The scriptures often emphasize the importance of our personal pilgrimages. It is true that we need solitude to solidify our faith and to commune with God. But what gives us meaning in this mortality is when we are united with other people. Chaim Potok writes: “A blink of an eye in itself is nothing. But the eye that blinks, that is something. A span of life is nothing. But the man who lives the span, he is something. He can fill that tiny span with meaning, so its quality is immeasurable though its quantity may be insignificant.  A man must fill his life with meaning, meaning is not automatically given to life. It is hard work to fill one's life with meaning. A life filled with meaning is worthy of rest. I want to be worthy of rest when I am no longer here.” We need each other. Life is meaningless without connections of love and service. We fill our lives with meaning when we are united. Gathering to Zion is what gives us meaning; finding the sacramental moments in the mundane things of mortality.
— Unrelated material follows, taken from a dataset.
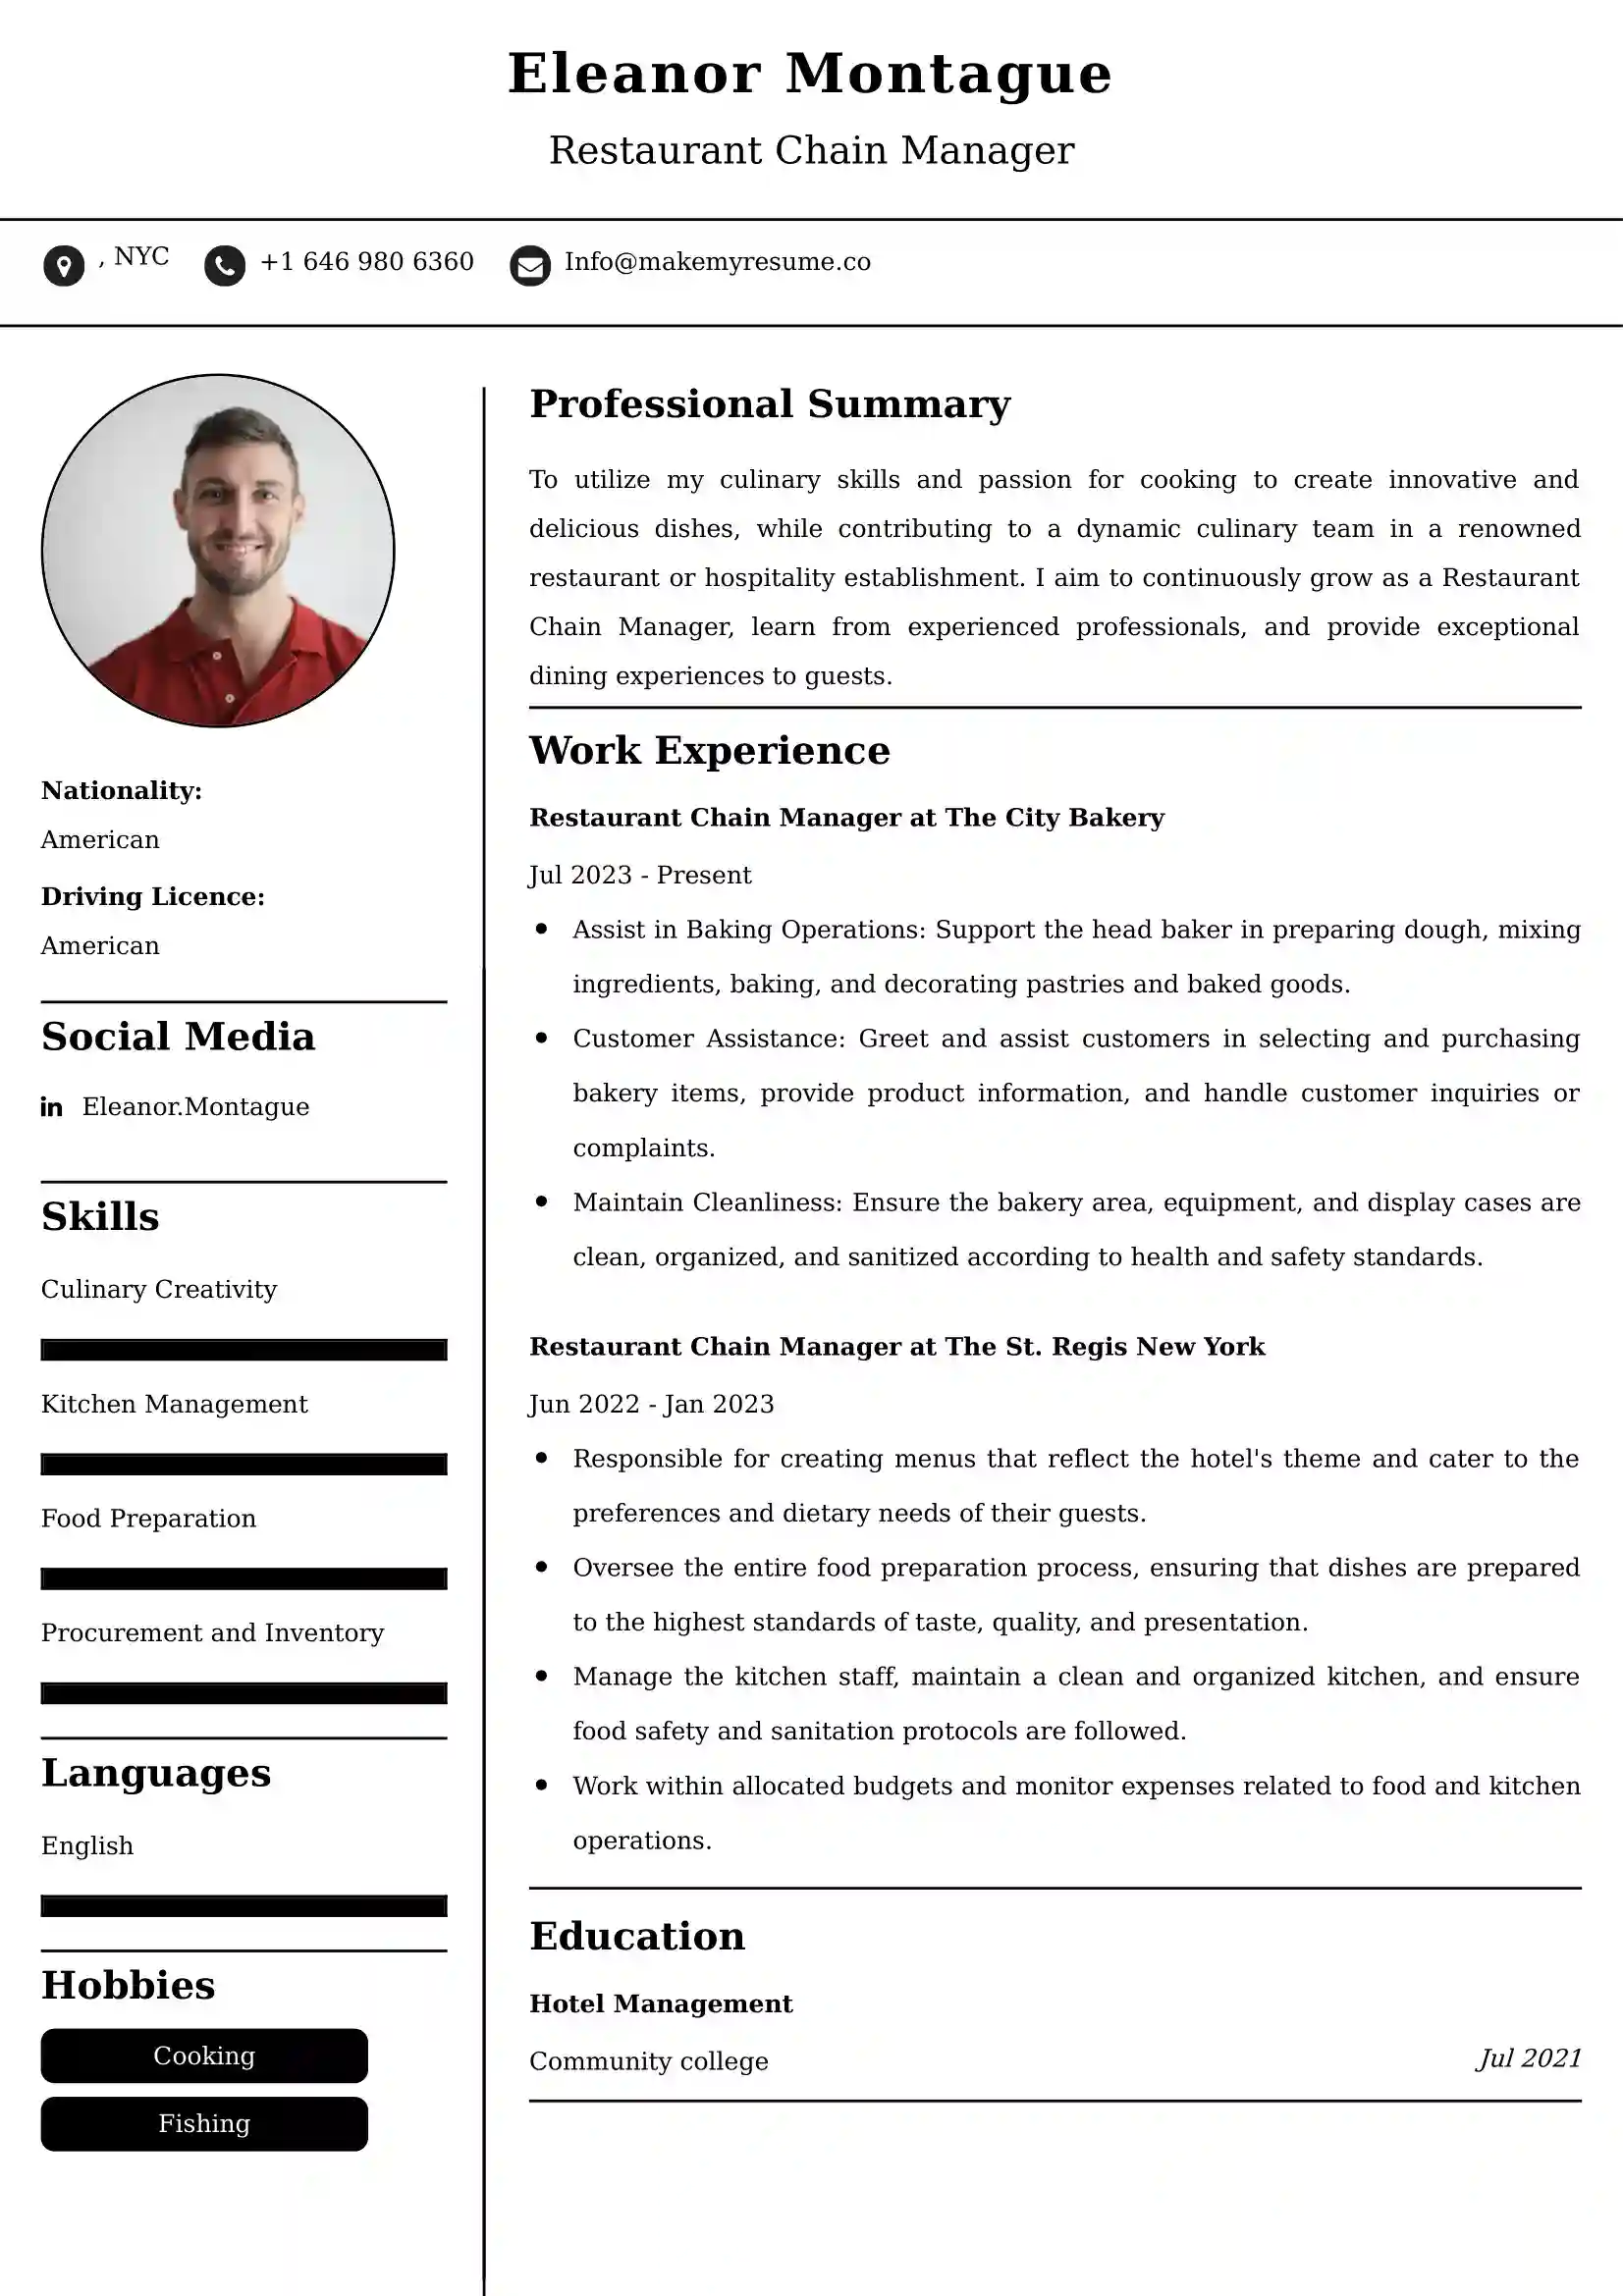 Restaurant Chain Manager CV Examples - US Format

I don’t know all of the reasons mandating organized religion. I don’t know everything about culture or order or structure, but I know this: I can simply go to church, or I can build Zion. I can get my visiting teaching done, or I can build Zion. I can breeze through my scriptures, or I can learn about Zion. We go to church and we stay for all of church not because we’re good Mormons, not for checklists, but to build Zion. 

I submit that we all have places and things that are comforting and Zion-like. We all have our own Neverlands. They are different for each of us, and in many ways they are very personal and private. For me, one of those places is the Massachusetts Boston Mission. I lost a lot of meaning when I left the place. But we come together because it is not about the place. We go to church for 3 hours to bring the beauty we find personally and make it meaningful. It is about Zion. It is Zion that makes we want to get up in the morning. It is the hope and even the belief that Mosiah 18 can be real. Hearts knit together in unity and love. It is the prayer that my personal wilderness moments can become redemptive as I use them to help other people. The invitation in coming to church and building the kingdom of Zion is to allow the lines between heaven and earth to blur. This calling is every minute of every day, and we are a covenant people. What does it matter where you go alone if you keep yourself alone? There is purpose in Zion. 

As Peter said to the lame man at the temple Beautiful, “silver and gold have I none. But such as I have give I unto thee: In the name of Jesus Christ of Nazareth, rise up and walk.” The lame man walks, and bearing the name and the calling of Jesus Christ, so can we. And we can do so together. As Shakespeare’s Hamlet says, “There's a divinity that shapes our ends.”

In the words of Alma: “as to [every]thing I do not know. But this much I do know, that the Lord God hath power to do all things which are according to his word” (Alma 7:8).